Posts Tagged ‘recording’

Paris 1857

Tuesday, June 2nd, 2009

Listen to this fine piece of music, will ya? That right there is the earliest recording that still survives today. It was just revealed and written up in SCIENCE NEWS.

WASHINGTON — Inscribed on soot-blackened paper, the muffled sounds from more than 150 years ago play back like the “wa wa” of an unseen teacher in the Peanuts cartoons. It would be impossible to know that someone was playing the coronet and guitar, although other fragments, from a dramatic speech from Shakespeare’s Othello, might be discerned if you knew the lines by heart in French.

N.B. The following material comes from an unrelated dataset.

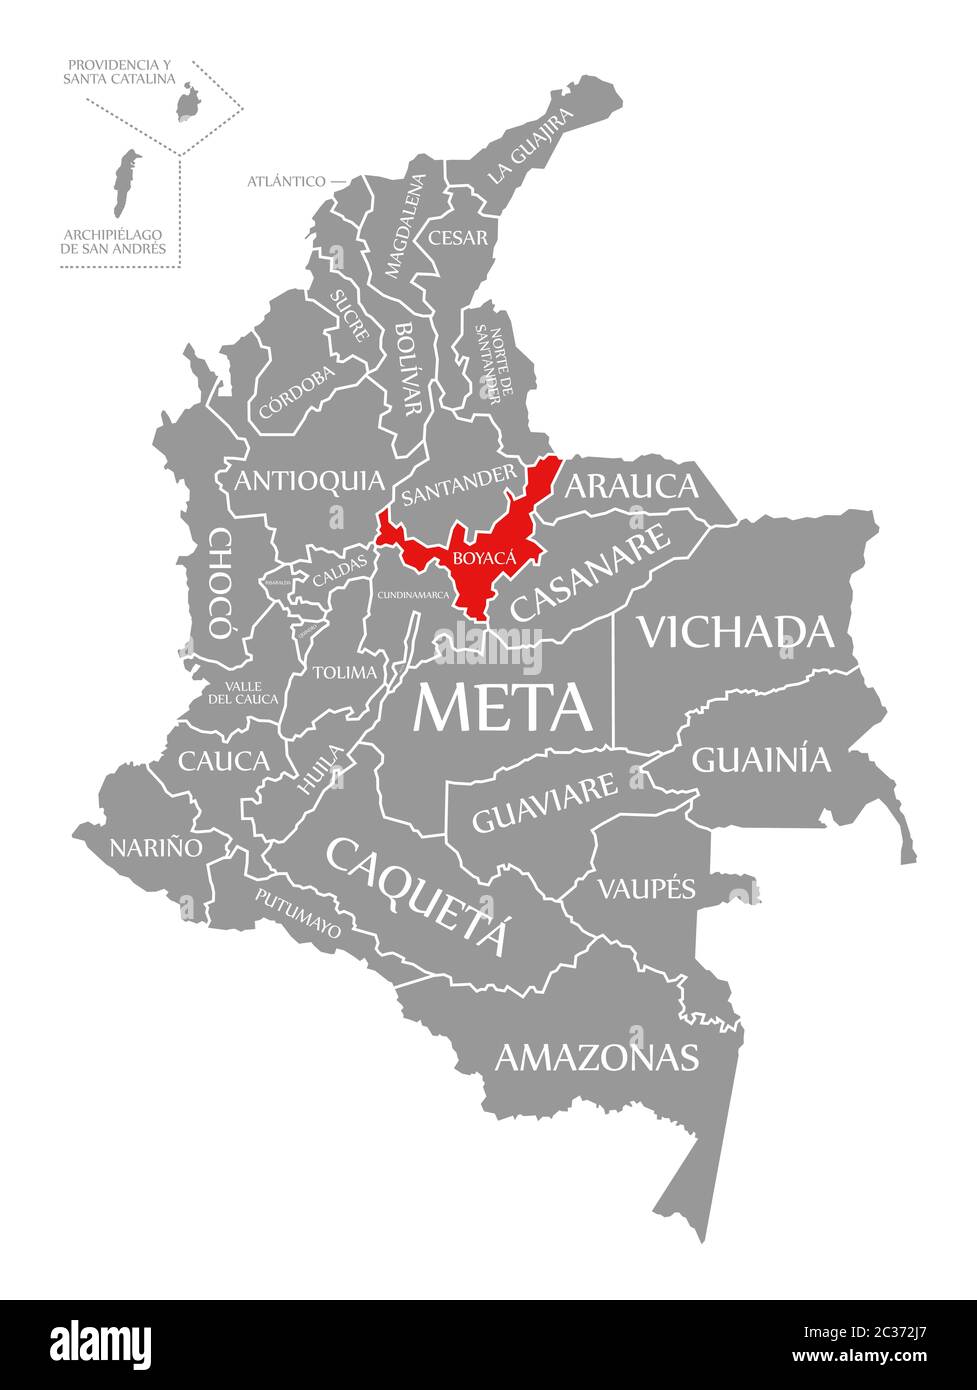 Boyaca red highlighted in map of Colombia Stock Photo

Yet these sound bites and other snippets, unveiled May 29 by historians at the annual meeting of the Association for Recorded Sound Collections, are the earliest known recordings. A bunch of wavy lines scratched by a stylus onto fragile paper that had been blackened by smoke from an oil lamp date from 1857. That’s 20 years before Edison invented the phonograph.

Parisian inventor Édouard-Léon Scott de Martinville never intended for the soot-lined imprint of the sound waves to be played back, the historians reported. But the inventor hoped the visual patterns of the sound waves he had recorded using a hornlike device with the stylus attached resembling an artificial ear — called a phonautograph — might one day be read like sheet music to recreate a singer’s voice or the timbre of a musical instrument.

So, it was Scott’s phonautograms that came twenty years before Edison’s phonograph records. Aha! it was the French! How come history can get so twisted sometimes? Like how we think Johannes Gutenberg invented the printing press and movable type, when, in fact, the Chinese had already been employing presses for seven centuries and movable type for four centuries. So it goes.

In 1878, some two decades after his invention, Léon Scott was devastated when Thomas Edison received accolades from around the world for the invention of the phonograph. “Come Parisians, don’t let them take our prize,” Léon Scott exhorted in a memoir. “I beseech all stout-hearted men and I thank God some still remain to proclaim my name in this matter. For I am getting old, the father of two sons, and all I can leave them is my good name.”